In addition, on June 26, 2007, the Company entered into a Supply Agreement
with
T&R pursuant to which T&R will be the Company’s exclusive supplier of
Hedrin product.
In
consideration for the license, the Company agreed to issue to T&R and Kerris
(jointly, the “Licensor”) a combined total of 150,000 shares of its common stock
upon the execution of the Hedrin Agreement. In addition, the Company also agreed
to make a cash payment of $600,000 to the Licensor no later than July 3, 2007.

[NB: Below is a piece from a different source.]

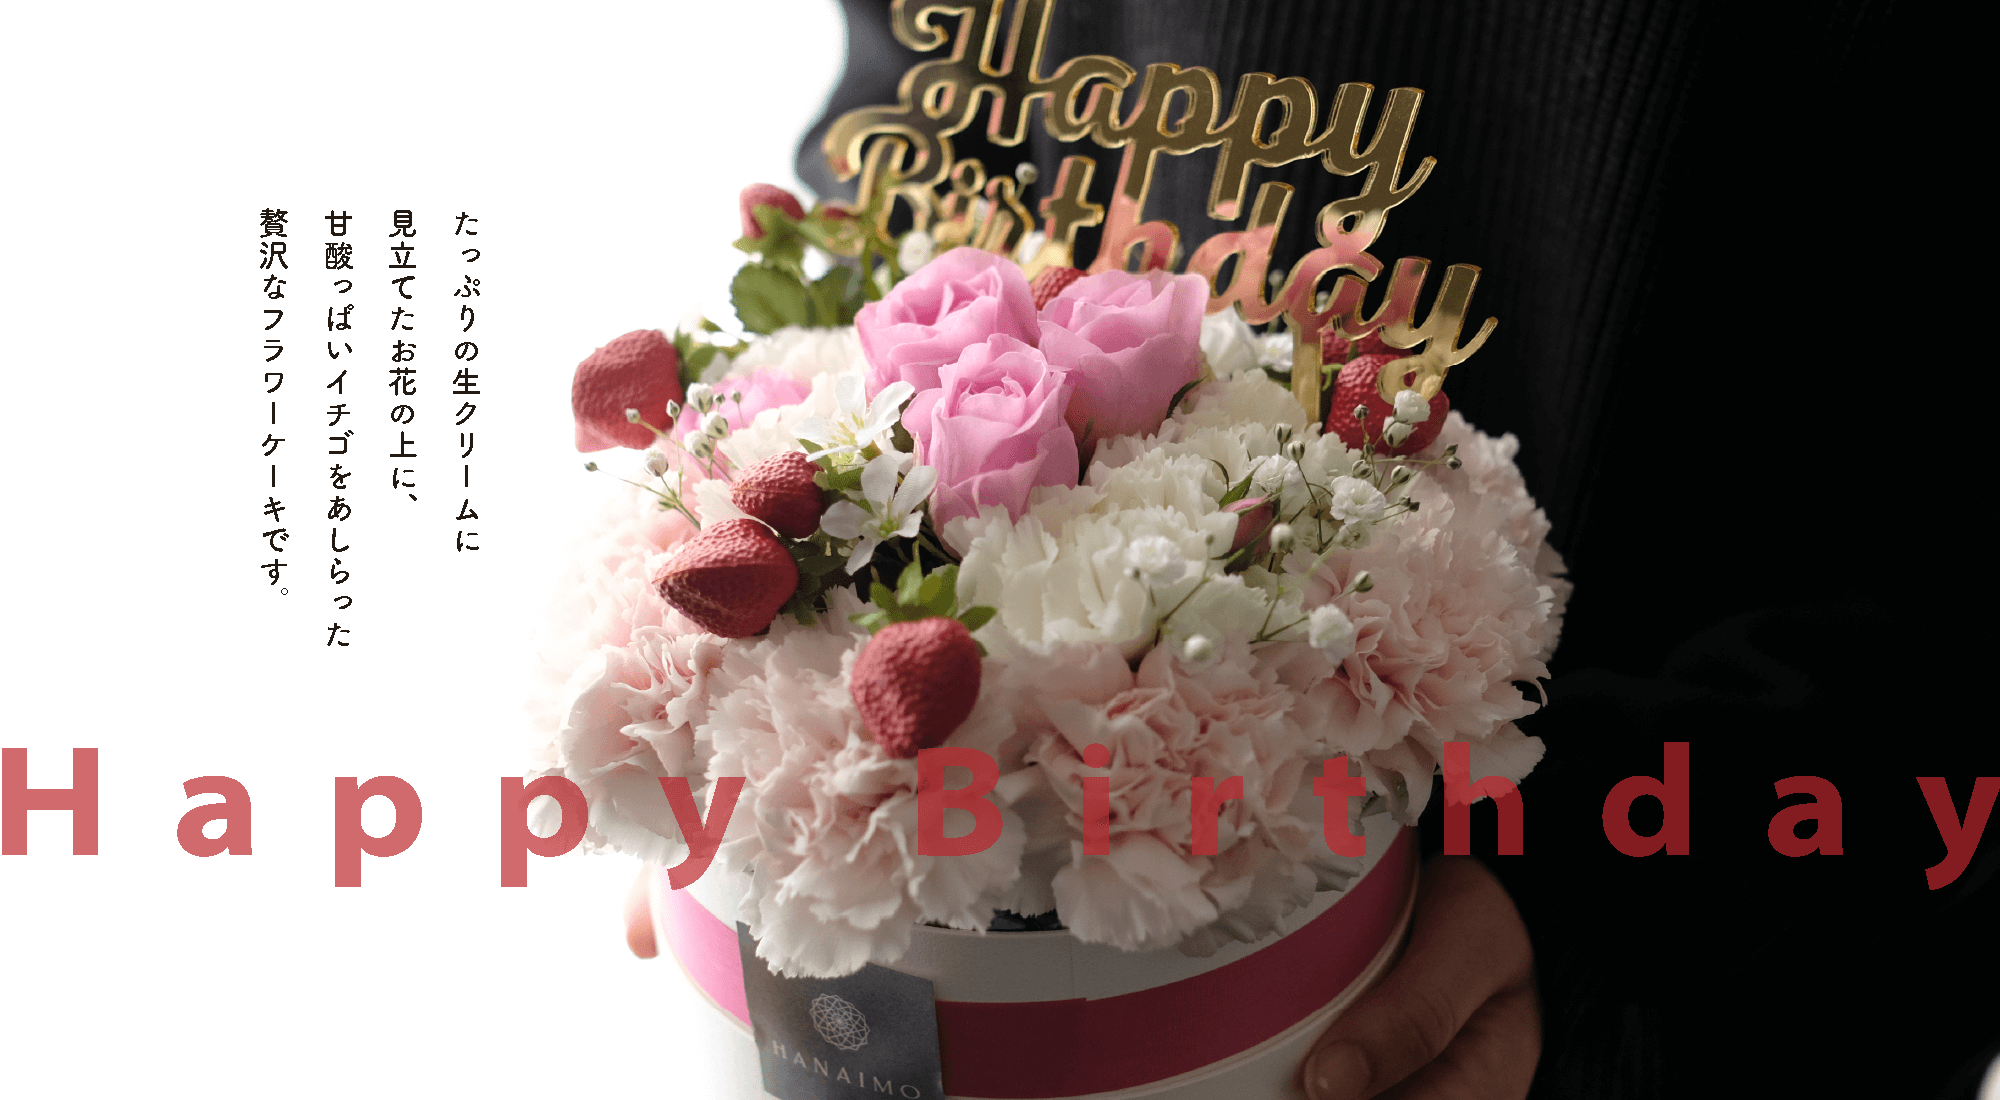 Happy Birthday たっぷりの生クリームに見立てたお花の上に甘酸っぱいイチゴをあしらった贅沢なフラワーケーキです。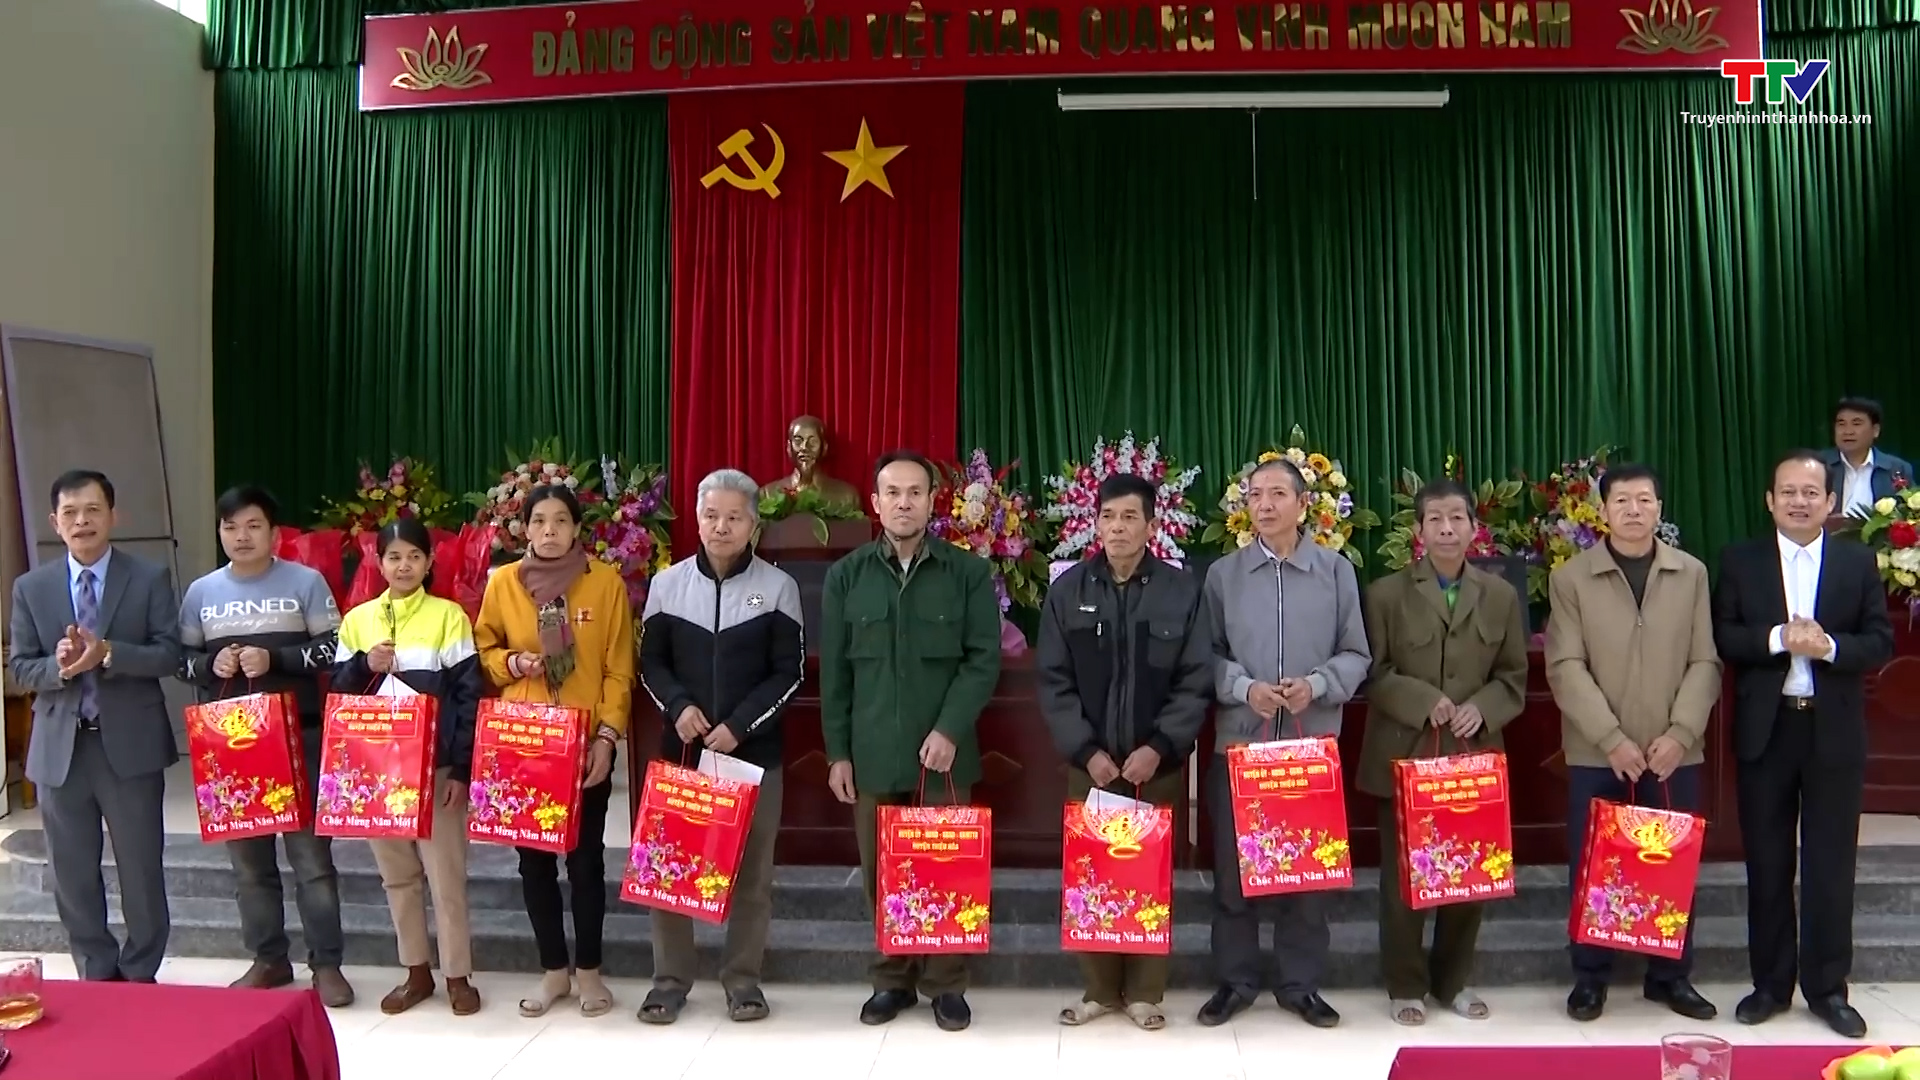 Huyện Thiệu Hóa viếng các anh hùng liệt sĩ tại hang Co Phường và tặng quà các gia đình chính sách- Ảnh 1.

Further, the Company agreed to make future milestone payments to the Licensor
in
the aggregate amount of $2,500,000 upon the achievement of various clinical,
regulatory, and patent issuance milestones, as well as up to $2,500,000 in
a
one-time success fee based on aggregate sales of the product by the Company
and
its licensees of at least $50,000,000. The Company also agreed to pay royalties
of 8% (or, under certain circumstances, 4%) on net sales of licensed products.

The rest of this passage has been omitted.